Google: We're killing all file managers in Android Q.
Apple: iPad's file manager gets SMB, unzip, and USB support!
When did I enter an alternate dimension?
File managers still work. Apps are forced to use the Storage Access Framework for accessing shared storage, which means that users can choose the scope for their access. The app can provide a suggestion, but the API is designed to avoid apps from forcing all or nothing access.
The built-in file manager will also still be there, and that's the interface used for selecting file and directories when apps use the Storage Access Framework. It finally gives users control rather than apps requesting full shared storage access and refusing to work otherwise.
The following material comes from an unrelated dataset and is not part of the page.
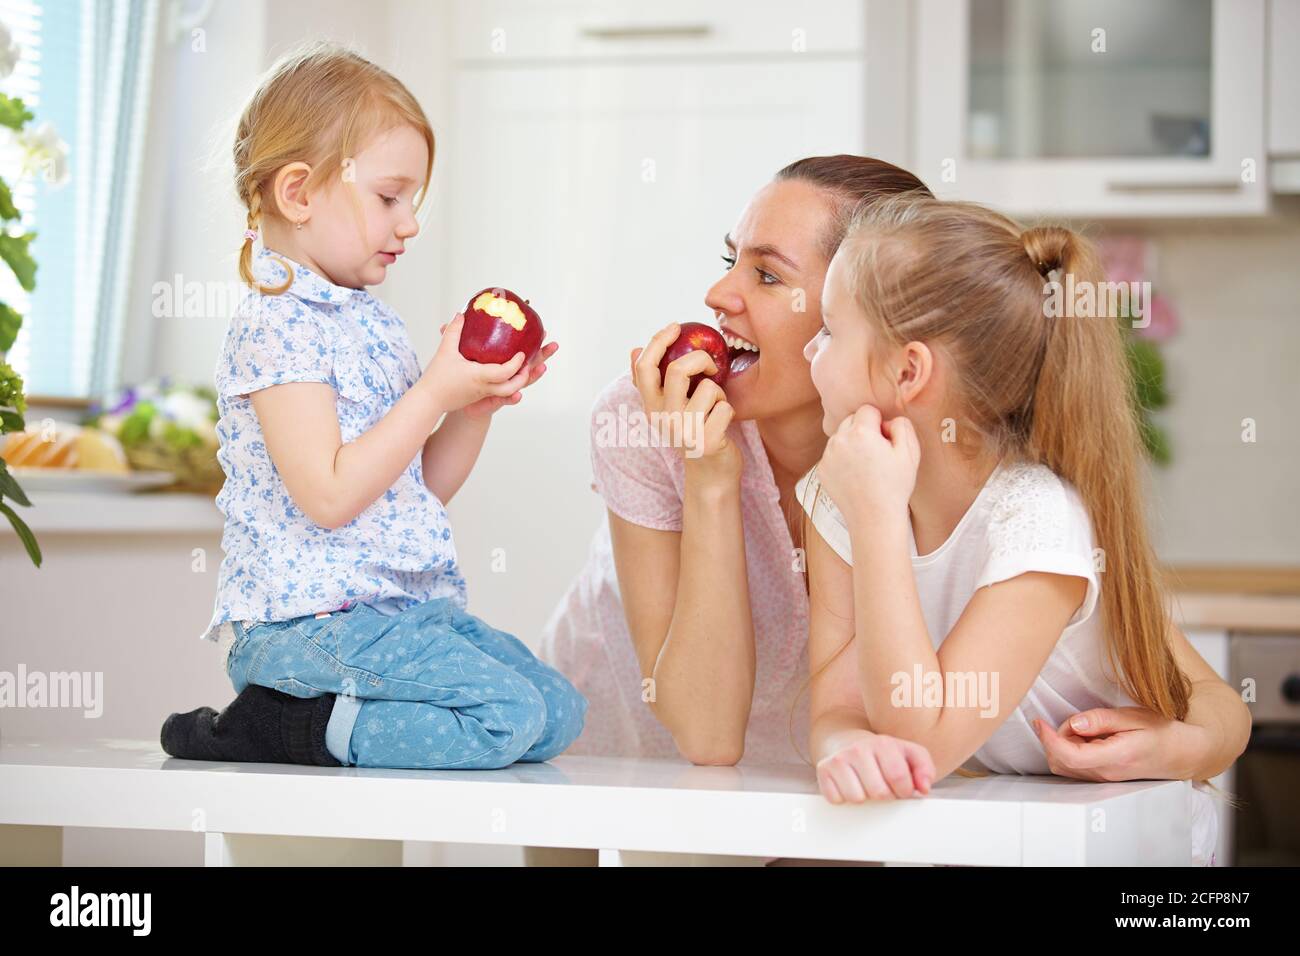 La mère heureuse et ses enfants mangent la pomme ensemble dans le cuisine Banque D'Images

That's not an accurate portrayal of SAF. You're misunderstanding what it implements and how it works. An app can request persistent access to a directory tree, which uses the system UI to ask the user to determine access scope. It's entirely usable for implementing file managers.
SAF is a generic file access API. Apps can use as both a client (like a word processor or a file manager) and as a provider (like an app providing access to cloud storage or a network file system). It's not a file manager. It uses the system file manager UI for choosing scope.
So, for example, a file manager will request persistent access to a directory tree. The user can select the root of the volume in the SAF system UI to grant full access to the volume. The file manager now has full, persistent access to that storage volume but it's up to the user.
Any file manager supporting external drives in Android 5.x and 6.x already supports the mechanism used to access shared storage / external drives in Android Q. The same thing applies to other apps. Android 7.x+ added a non-SAF option, but it was flawed and is likely obsolete now.
There are 2 actual complaints:
1) Developers dislike that users are in charge of choosing the scope. One argument is they aren't smart enough to select a volume root for a file manager. It's essentially an argument against user control.
2) The indirection has a performance cost.